Cai Leon Y, Del Tufo Stephanie N, Barquero Laura, D'Archangel Micah, Sachs Lanier, Cutting Laurie E, Glaser Nicole, Ghetti Simona, Jaser Sarah S, Anderson Adam W, Jordan Lori C, Landman Bennett A
Department of Biomedical Engineering, Vanderbilt University, Nashville, TN, USA.
School of Medicine, Vanderbilt University, Nashville, TN, USA.
Proc SPIE Int Soc Opt Eng. 2024 Feb;12926. doi: 10.1117/12.3005391. Epub 2024 Apr 2.

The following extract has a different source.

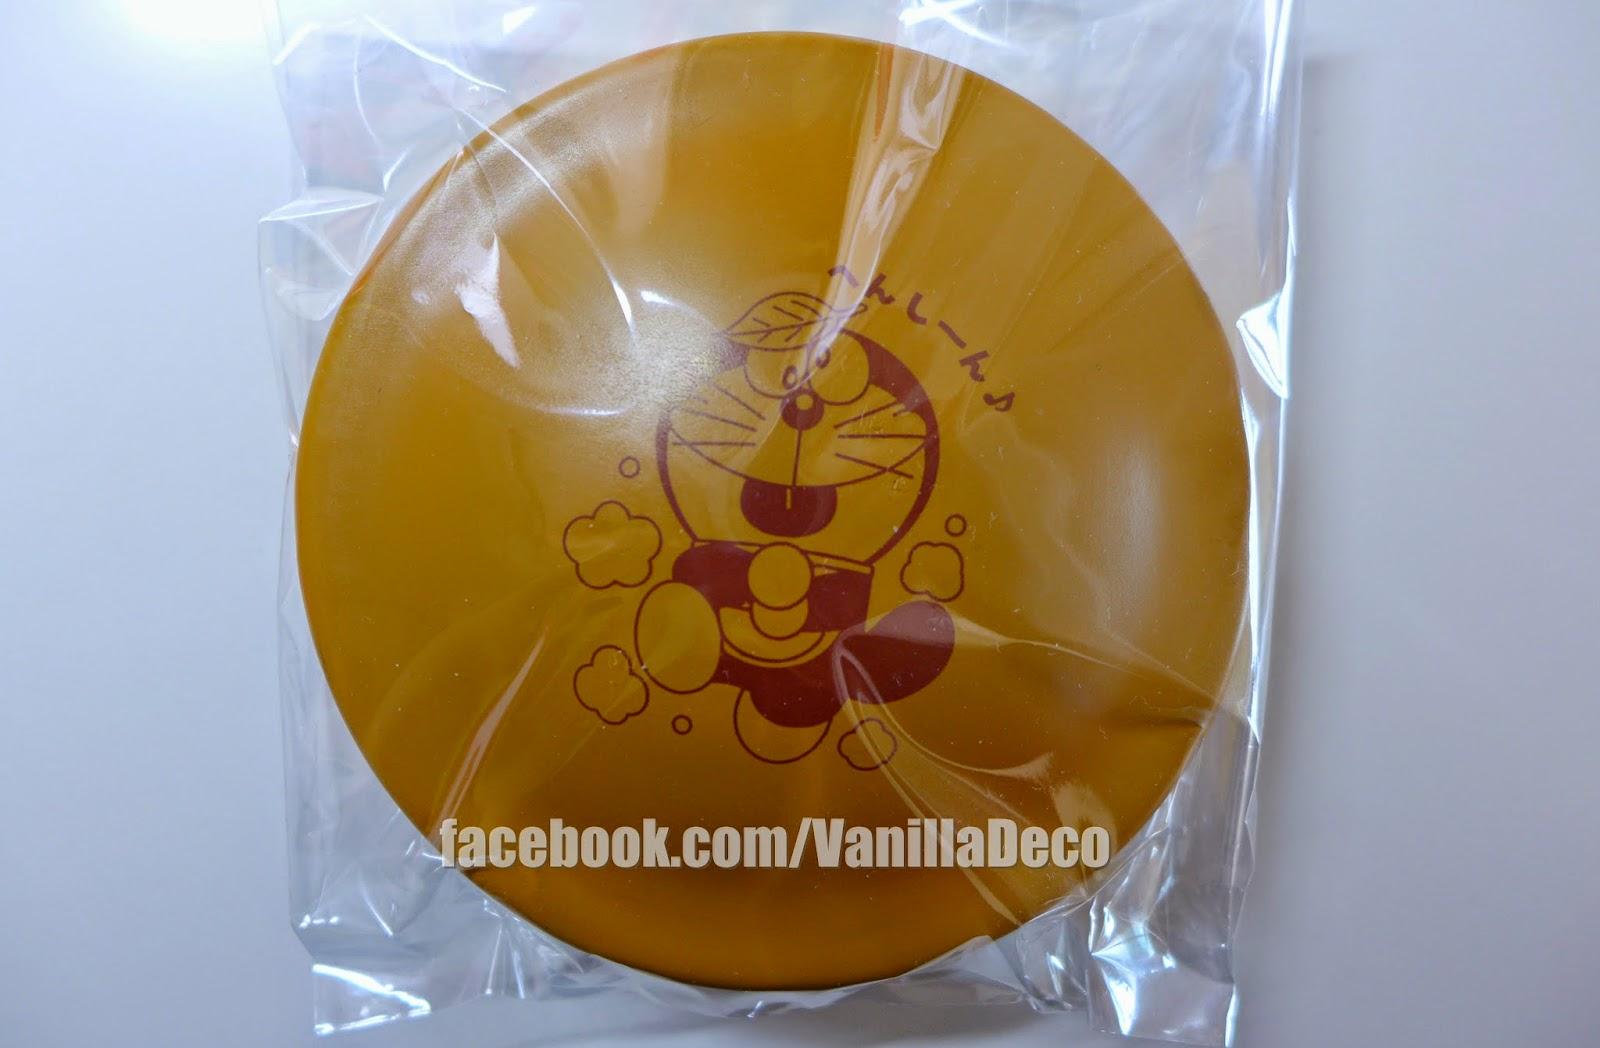 Doraemon Dorayaki Squishy : Sue s Cutie Closet : Squishy Update: Doraemon Dorayaki, Corn Stick, Mini Apple Squishy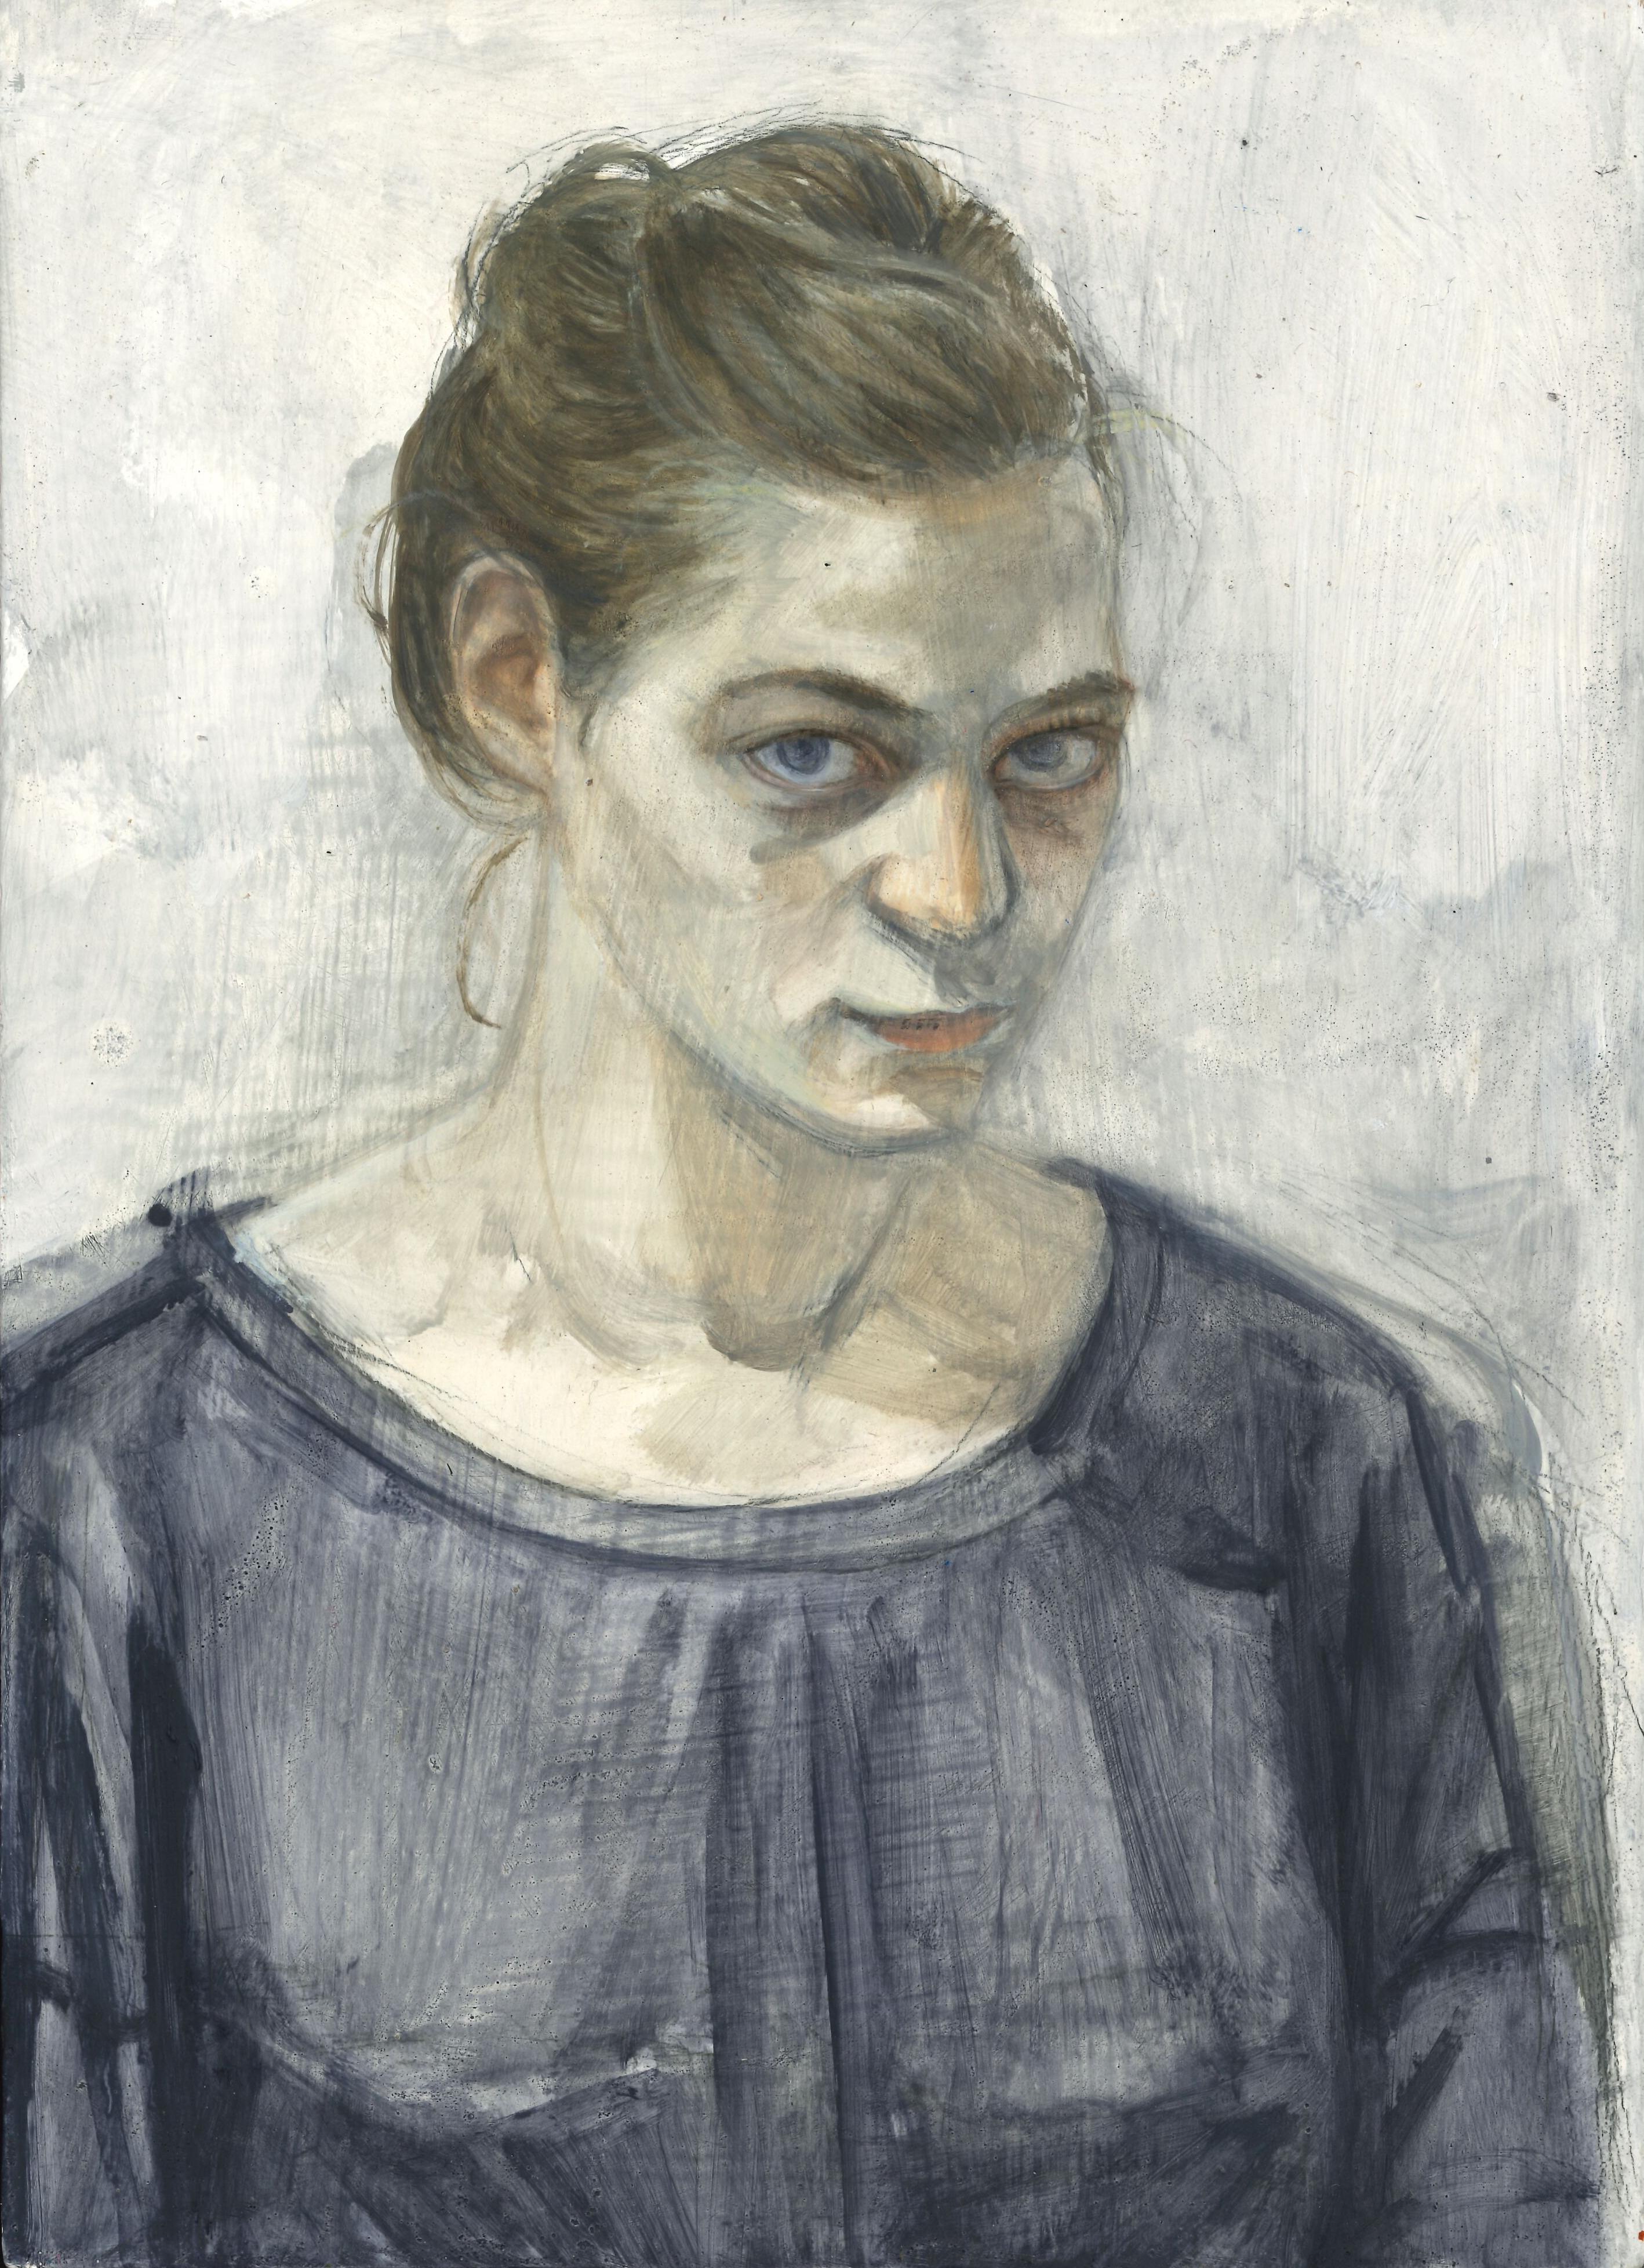 Roxanne, 2018, 32 x 40 cm, oil on wood

Magnetic resonance spectroscopy (MRS) is one of the few non-invasive imaging modalities capable of making neurochemical and metabolic measurements . Traditionally, the clinical utility of MRS has been narrow. The most common use has been the "single-voxel spectroscopy" variant to discern the presence of a lactate peak in the spectra in one location in the brain, typically to evaluate for ischemia in neonates. Thus, the reduction of rich spectral data to a binary variable has not classically necessitated much signal processing. However, scanners have become more powerful and MRS sequences more advanced, increasing data complexity and adding 2 to 3 spatial dimensions in addition to the spectral one. The result is a spatially- and spectrally-variant MRS image ripe for image processing innovation. Despite this potential, the logistics for robustly accessing and manipulating MRS data across different scanners, data formats, and software standards remain unclear. Thus, as research into MRS advances, there is a clear need to better characterize its image processing considerations to facilitate innovation from scientists and engineers. Building on established neuroimaging standards, we describe a framework for manipulating these images that generalizes to the voxel, spectral, and metabolite level across space and multiple imaging sites while integrating with LCModel, a widely used quantitative MRS peak-fitting platform. In doing so, we provide examples to demonstrate the advantages of such a workflow in relation to recent publications and with new data. Overall, we hope our characterizations will lower the barrier of entry to MRS processing for neuroimaging researchers.
磁共振波谱学(MRS)是少数能够进行神经化学和代谢测量的非侵入性成像方式之一。传统上,MRS的临床应用范围较窄。最常见的用途是“单体素波谱学”变体,用于辨别大脑中一个位置的波谱中是否存在乳酸峰,通常用于评估新生儿的缺血情况。因此,将丰富的波谱数据简化为二元变量,传统上并不需要太多的信号处理。然而,扫描仪变得更强大,MRS序列也更先进,这增加了数据的复杂性,除了波谱维度外,还增加了2到3个空间维度。结果是产生了一个空间和波谱都可变的MRS图像,非常适合进行图像处理创新。尽管有这种潜力,但在不同的扫描仪、数据格式和软件标准之间可靠地访问和处理MRS数据的后勤工作仍不明确。因此,随着对MRS研究的推进,显然需要更好地描述其图像处理方面的考虑因素,以促进科学家和工程师的创新。基于已建立的神经成像标准,我们描述了一个用于处理这些图像的框架,该框架可以推广到跨空间和多个成像部位的体素、波谱和代谢物水平,同时与广泛使用的定量MRS峰拟合平台LCModel集成。在此过程中,我们提供了一些例子,以证明这种工作流程相对于最近的出版物和新数据的优势。总体而言,我们希望我们的描述能够降低神经成像研究人员进入MRS处理领域的门槛。